** Information supplied **

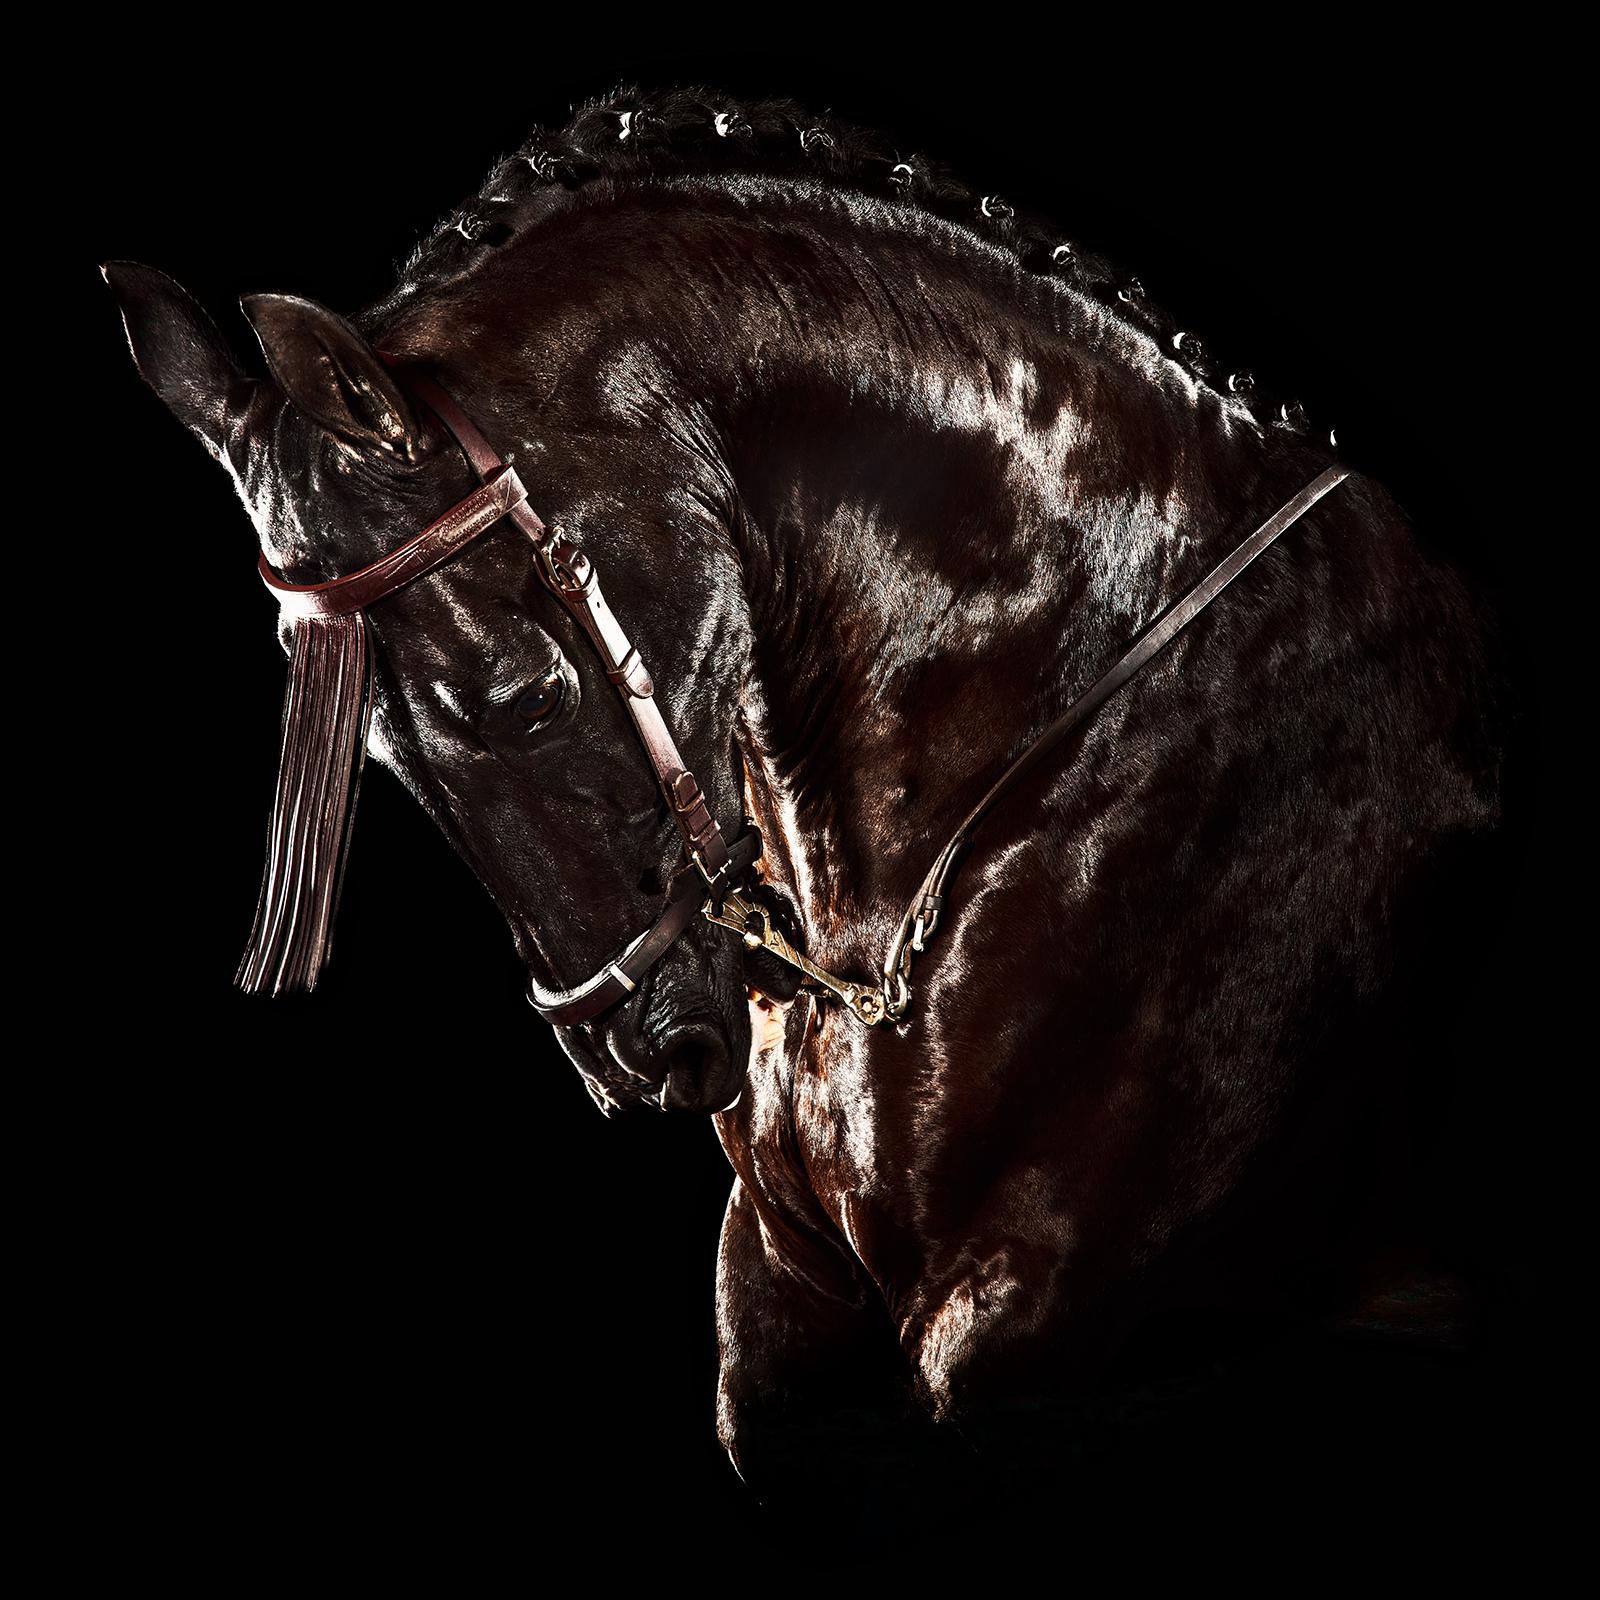 ' Horse 3 '- Signed limited edition archival pigment print, Edition of 5, square
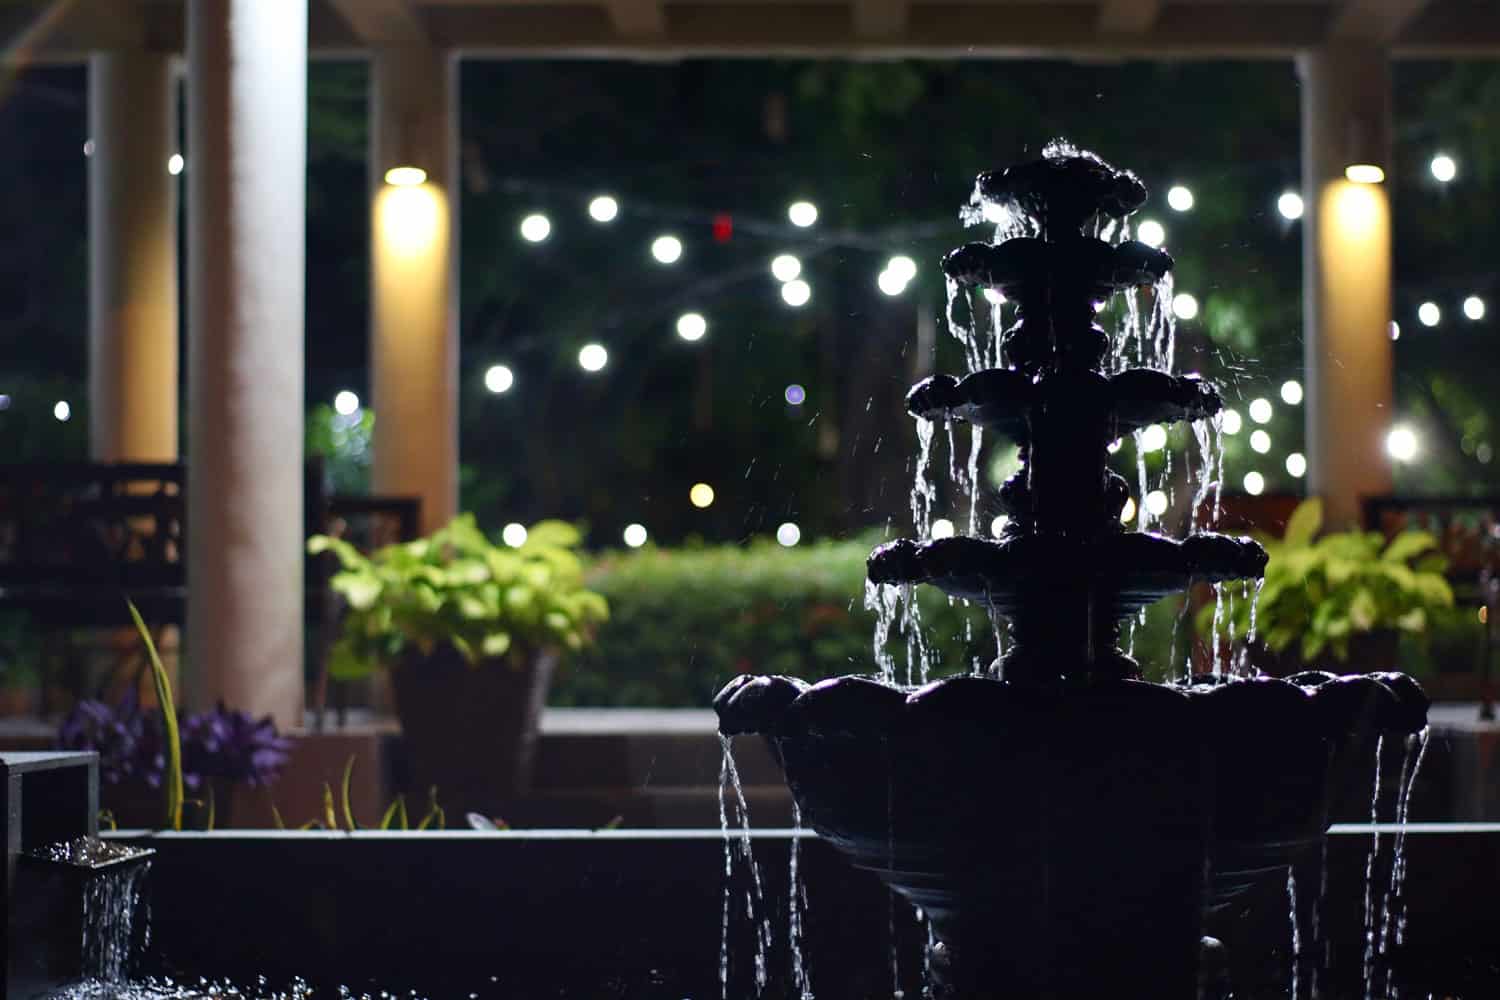 Water fountain at night
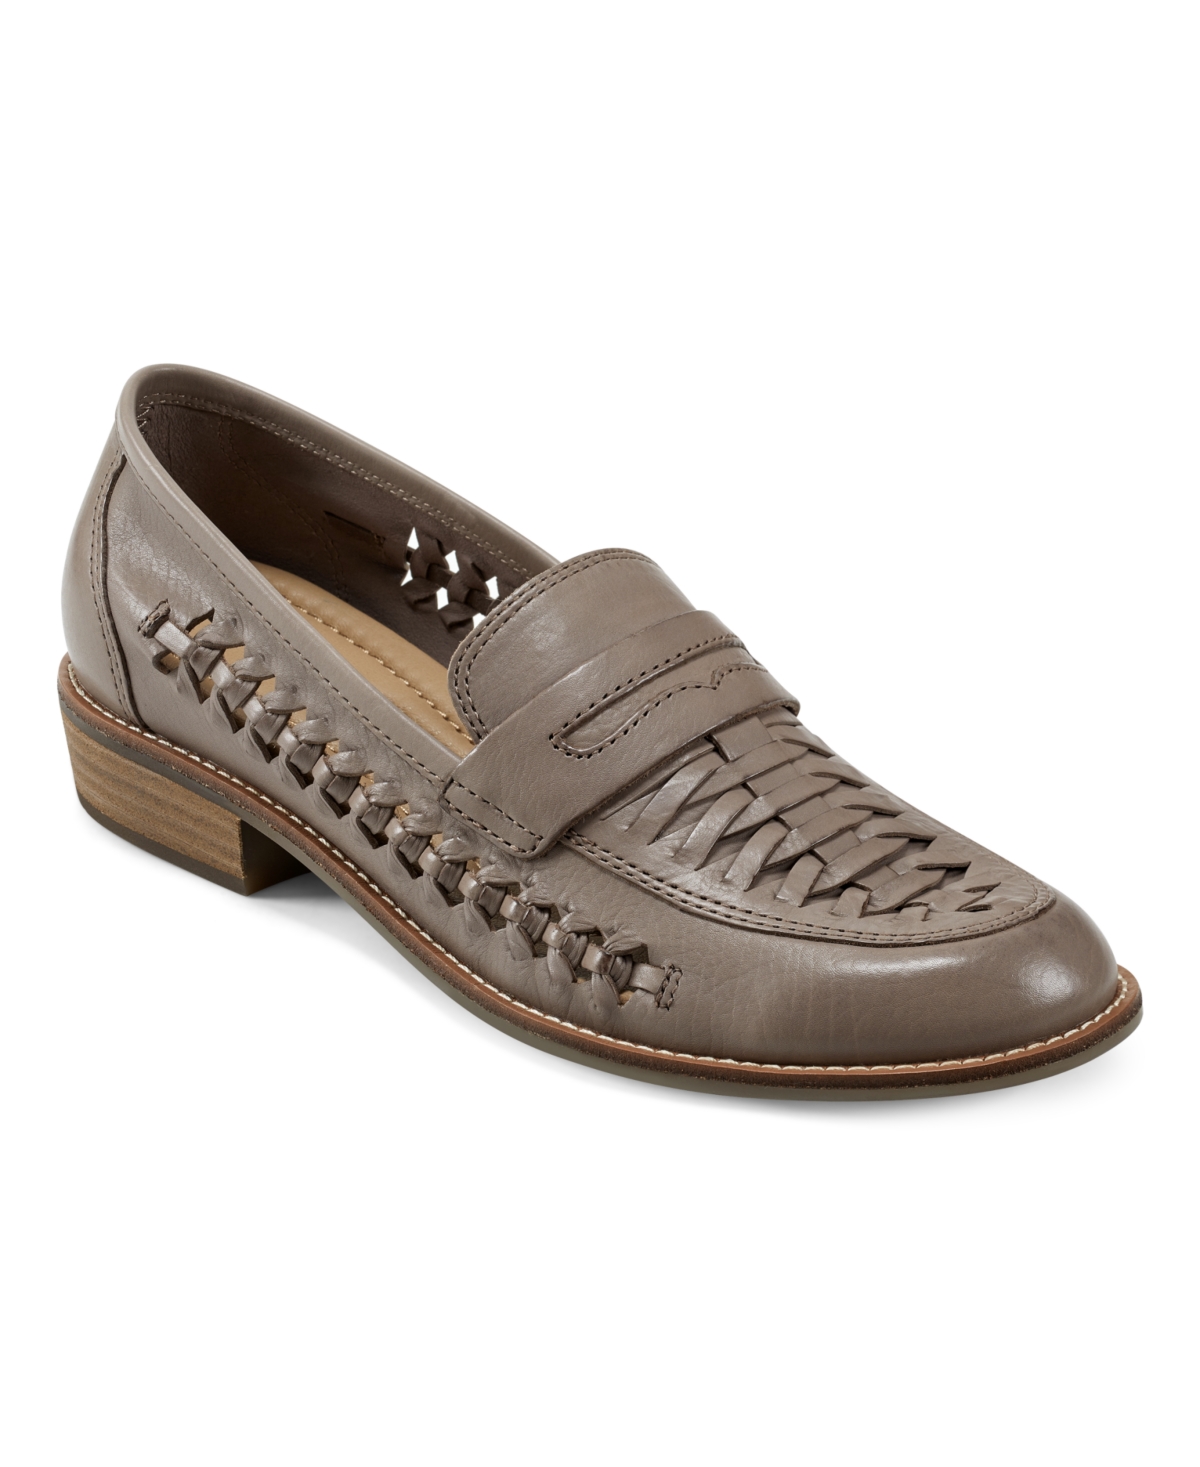 Earth Women's Ella Round Toe Slip-on Casual Flat Loafers In Gray Leather

** Required work **
Copy out the data above exactly, except the pictures.

** Answer for this exercise **
 ' Horse 3 '- Signed limited edition archival pigment print, Edition of 5, square
 Water fountain at night
 Earth Women's Ella Round Toe Slip-on Casual Flat Loafers In Gray Leather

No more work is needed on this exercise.